-- Data follows --

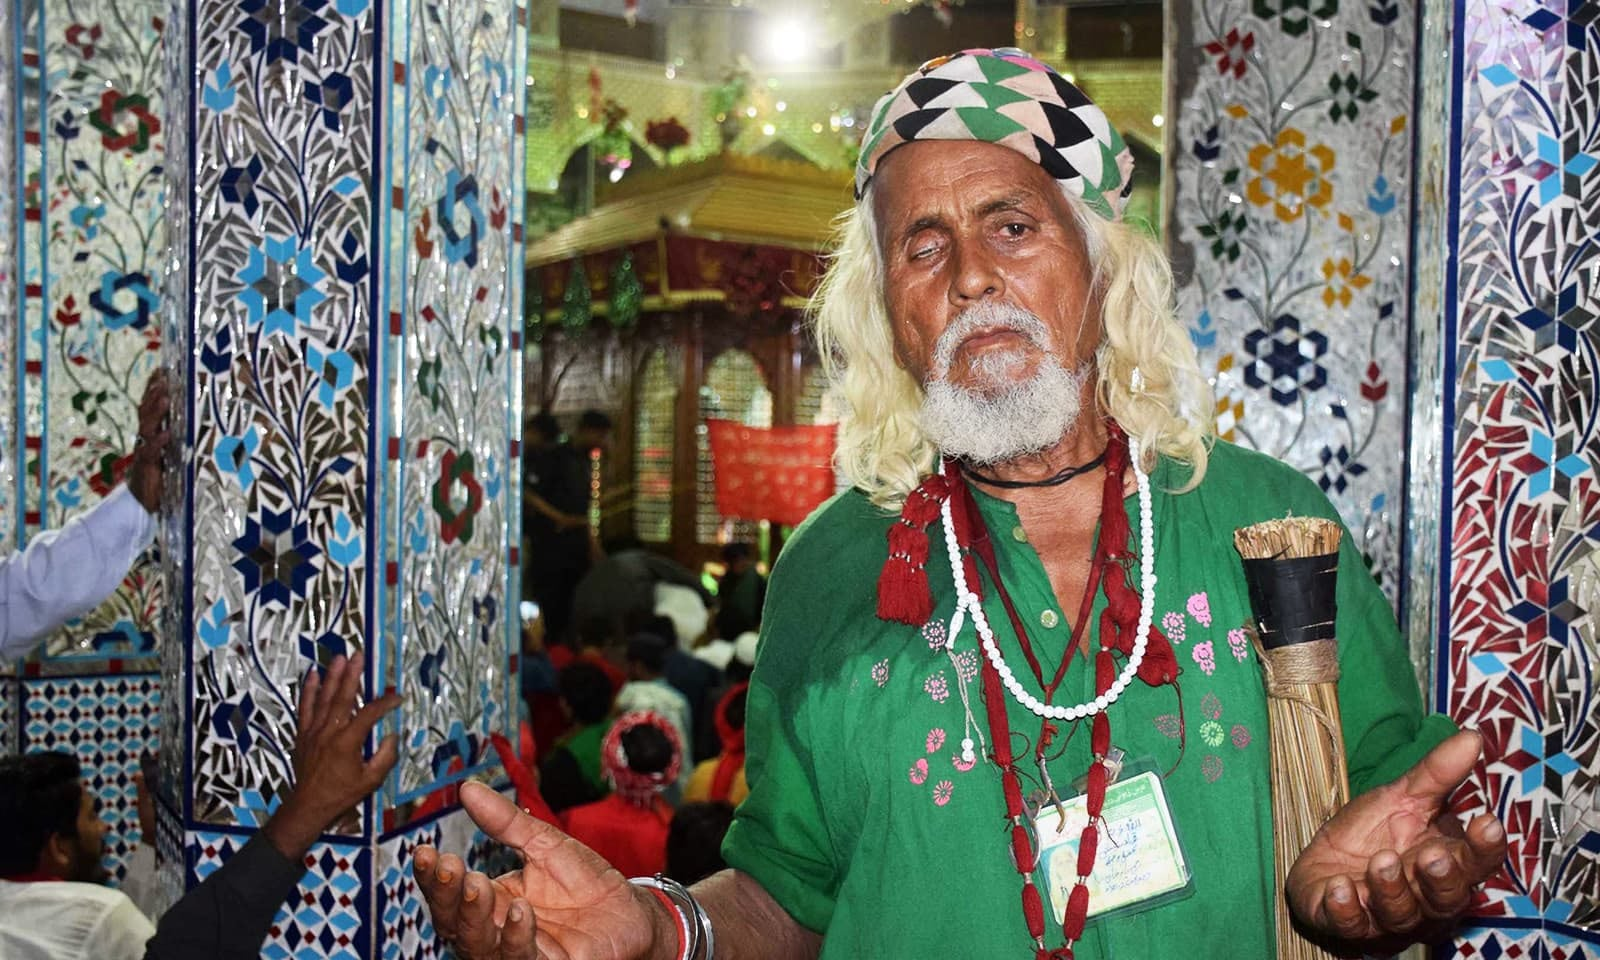 ایک بزرگ مزار کے اندورنی احاطے میں دعا گو ہیں —فوٹو: اے پی پی
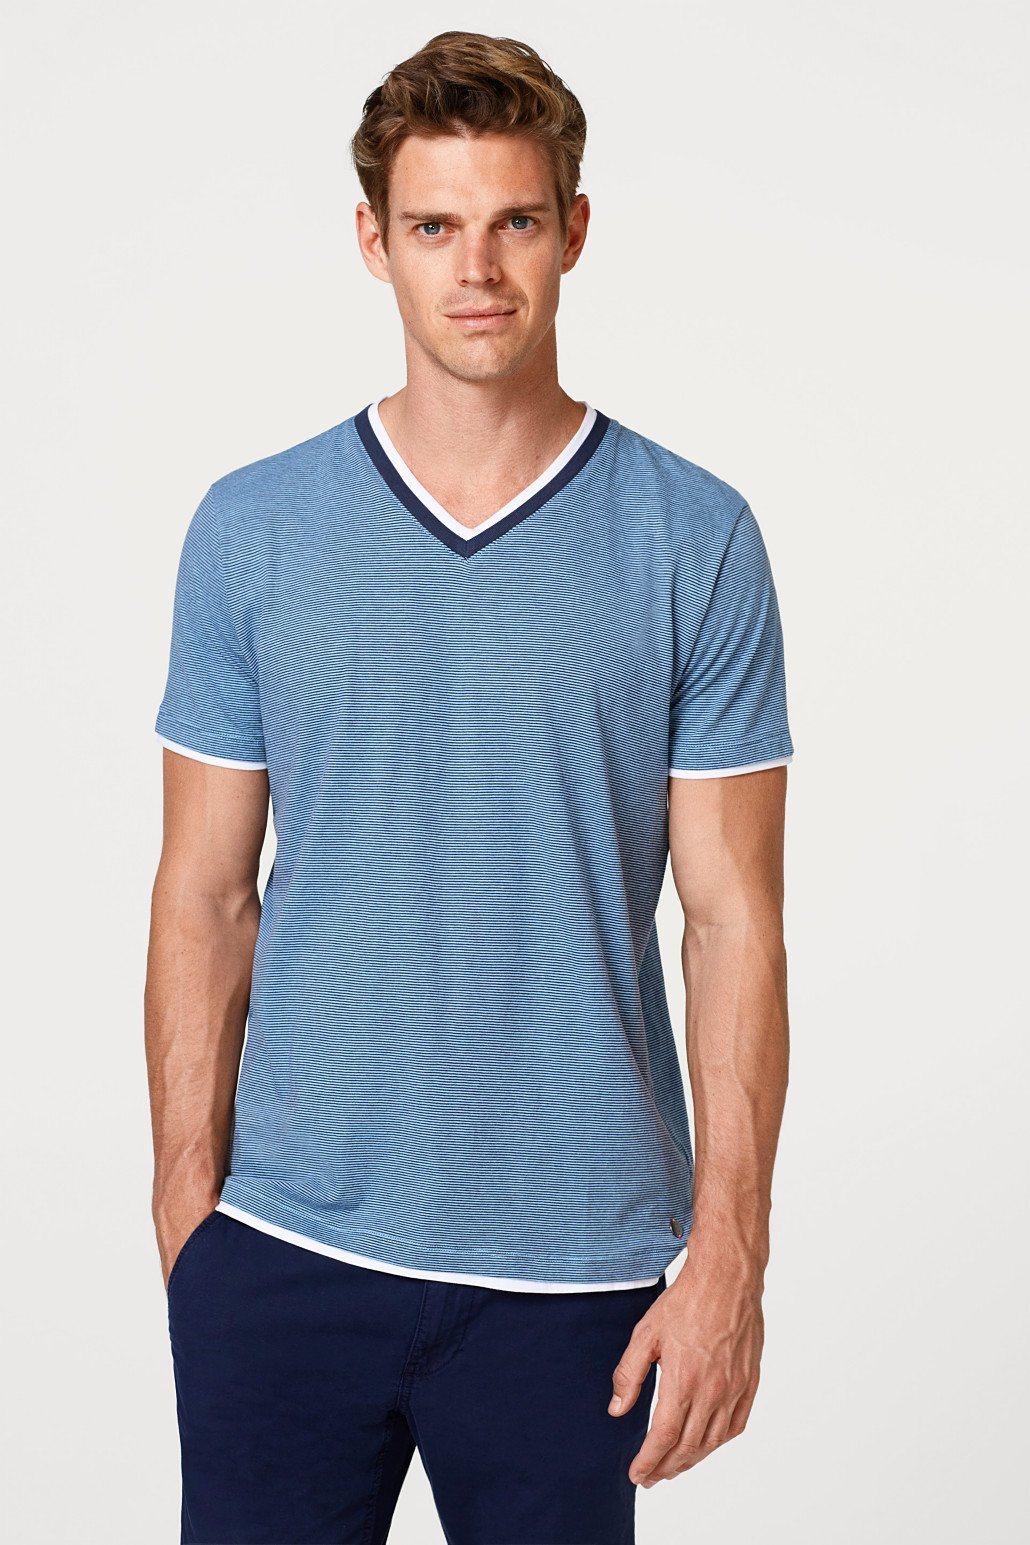 ESPRIT Gestreiftes Layer-Shirt aus Baumwolljersey | Bekleidung > Shirts > Sonstige Shirts | Jersey - Baumwolle | Esprit
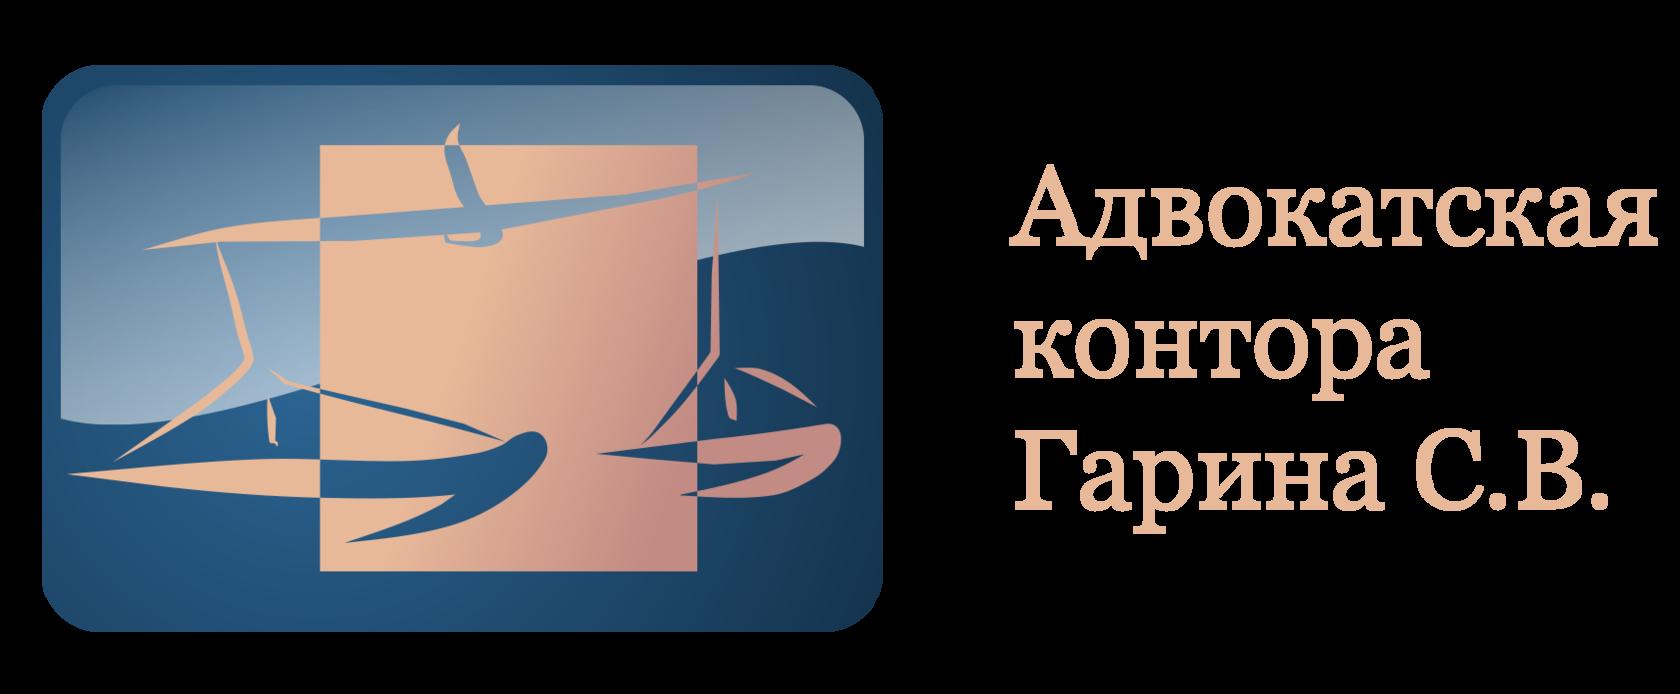 Адвокатская контора Гарина С.В.

-- Data concluded --

Work to be completed
Please output the data above exactly as given, omitting every picture.

Result of the exercise
 ایک بزرگ مزار کے اندورنی احاطے میں دعا گو ہیں —فوٹو: اے پی پی
 ESPRIT Gestreiftes Layer-Shirt aus Baumwolljersey | Bekleidung > Shirts > Sonstige Shirts | Jersey - Baumwolle | Esprit
 Адвокатская контора Гарина С.В.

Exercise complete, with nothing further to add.